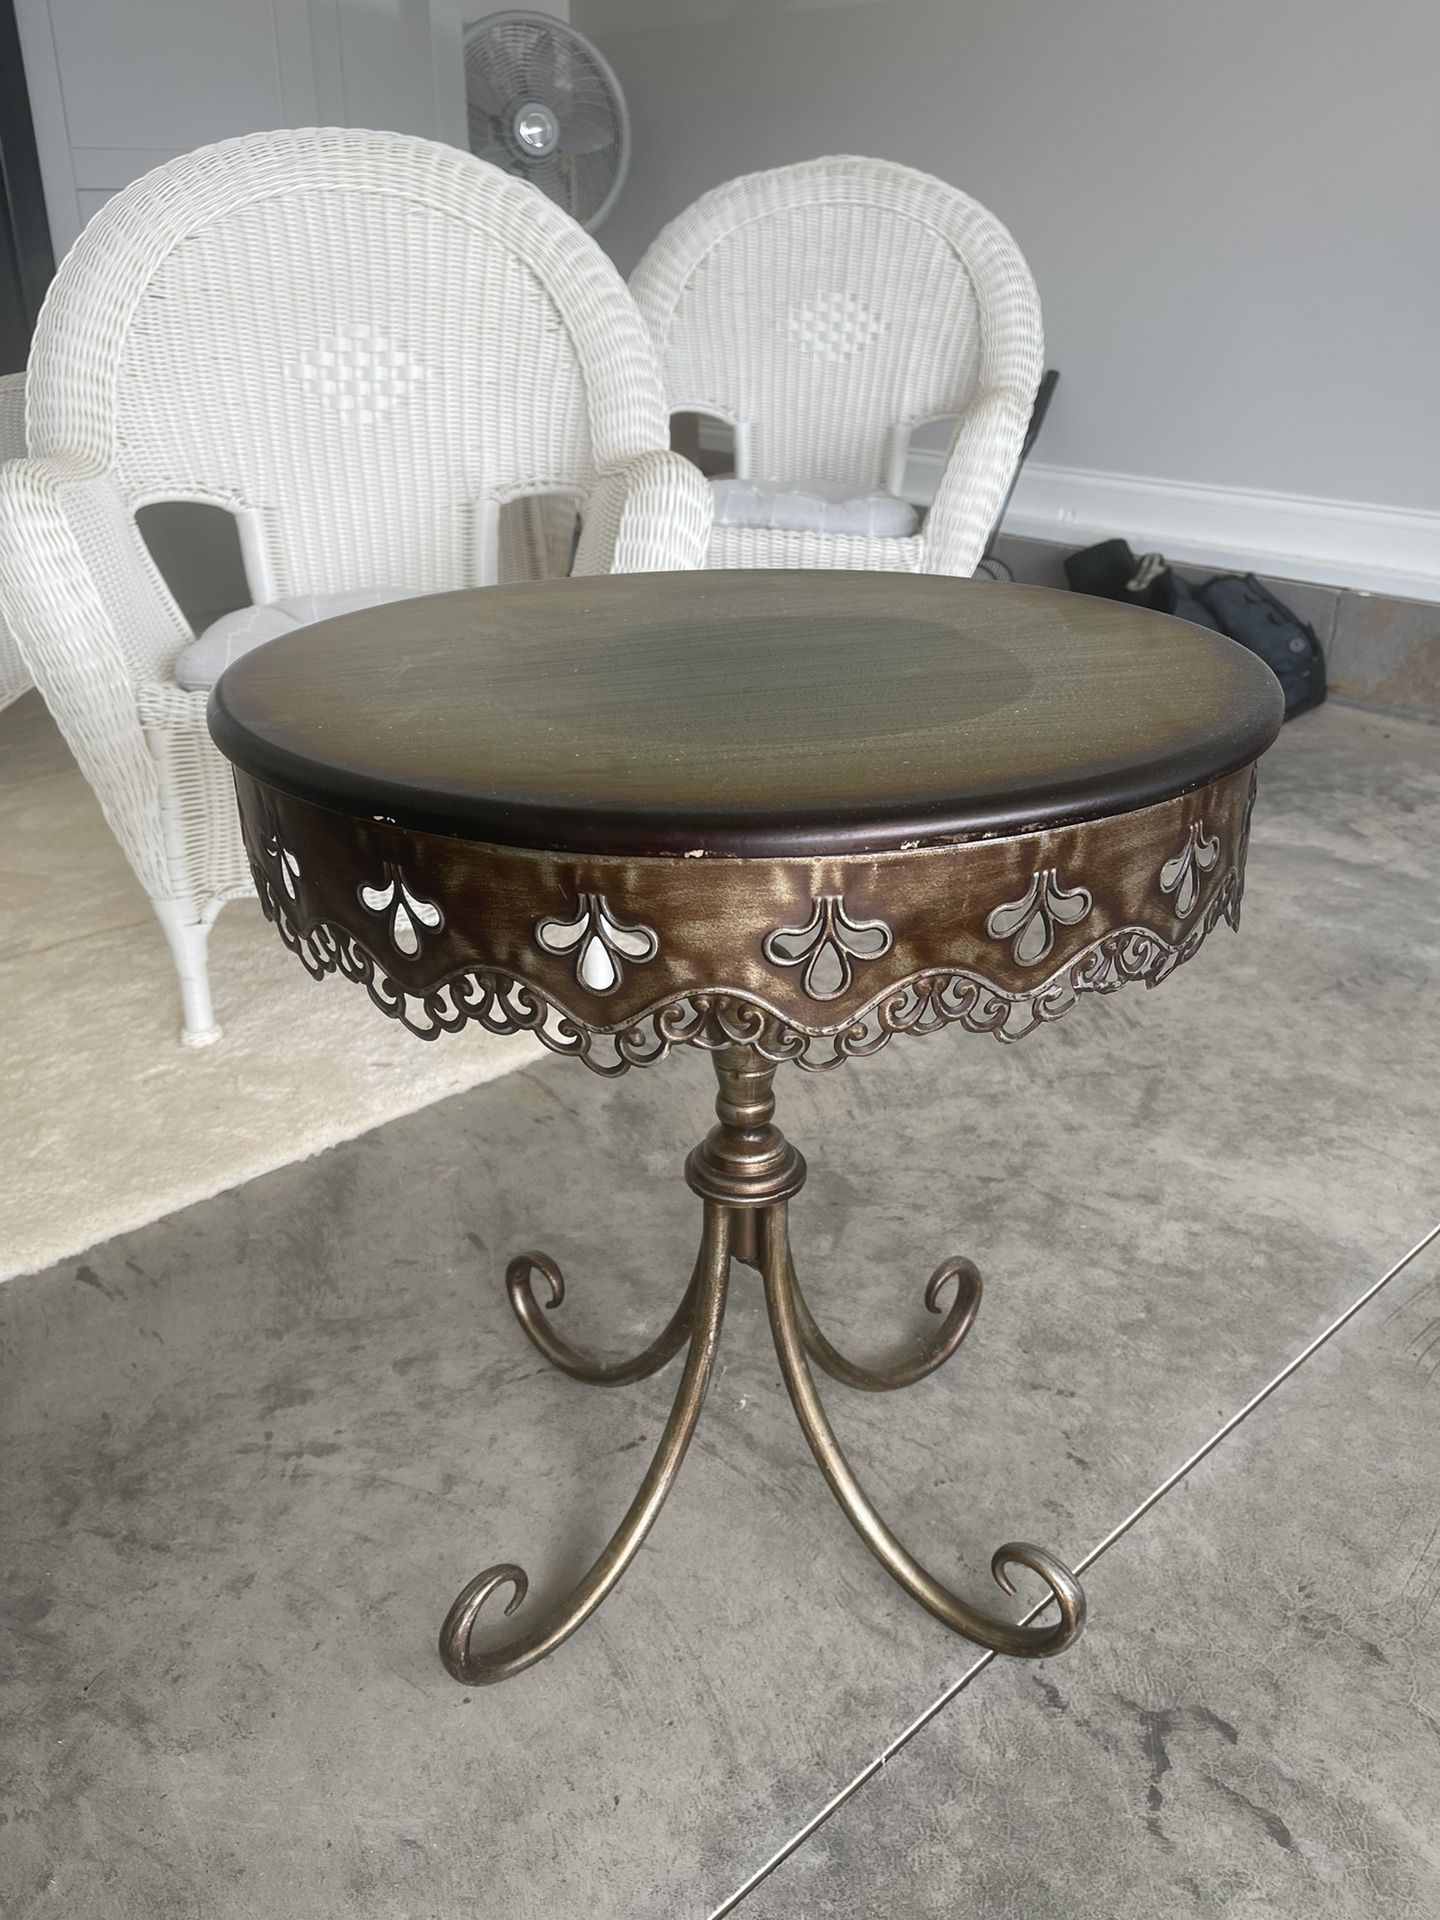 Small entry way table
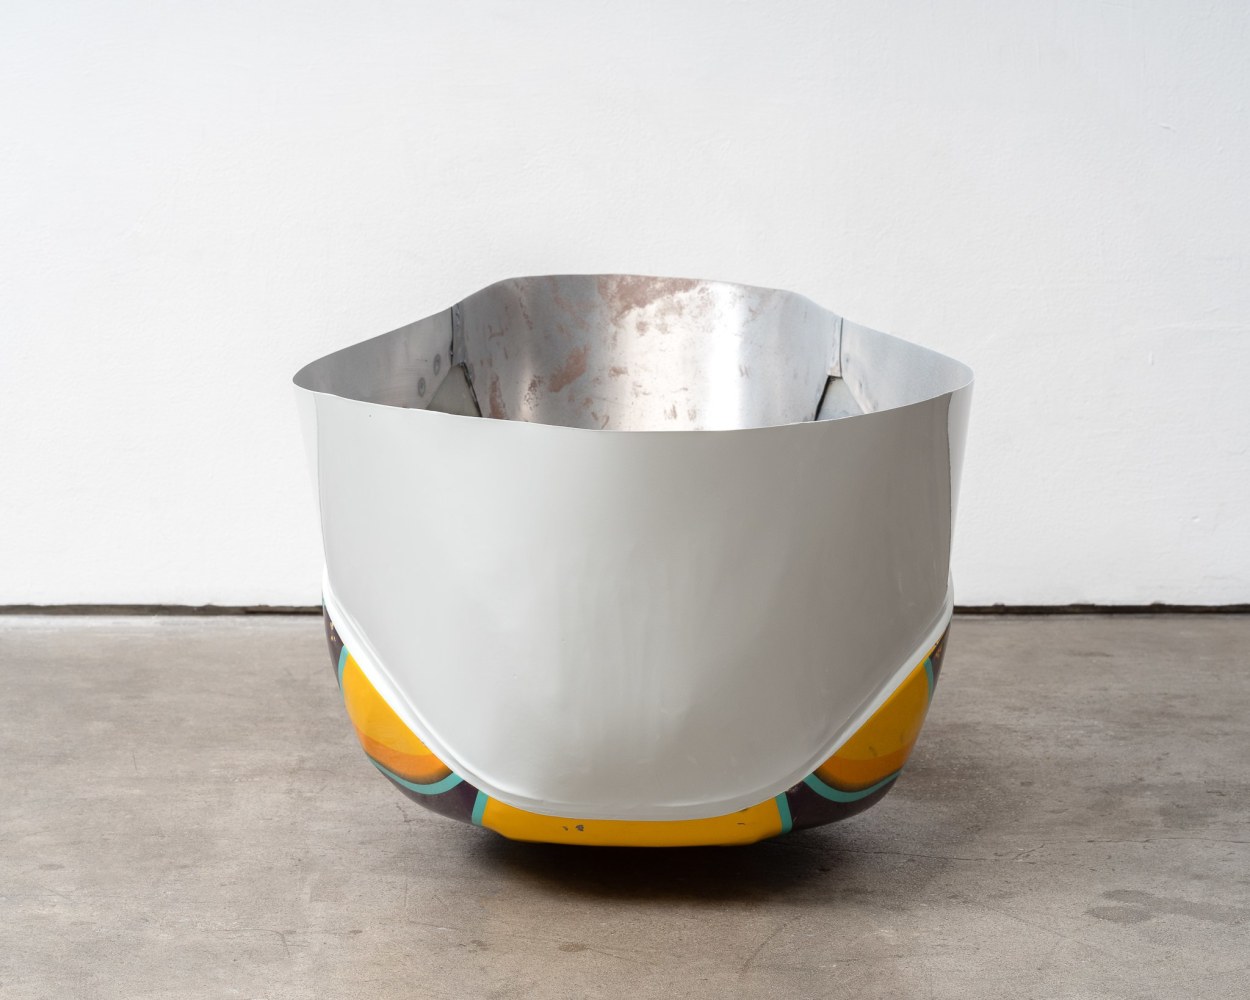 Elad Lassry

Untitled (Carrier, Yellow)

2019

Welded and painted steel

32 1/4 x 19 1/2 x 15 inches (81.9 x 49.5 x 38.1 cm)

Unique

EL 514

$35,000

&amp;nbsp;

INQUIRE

* [What is being asked]: Transcribe the data exactly and leave no picture in the copy.

* [Answer box]:
 Small entry way table
 Elad Lassry

Untitled (Carrier, Yellow)

2019

Welded and painted steel

32 1/4 x 19 1/2 x 15 inches (81.9 x 49.5 x 38.1 cm)

Unique

EL 514

$35,000

&amp;nbsp;

INQUIRE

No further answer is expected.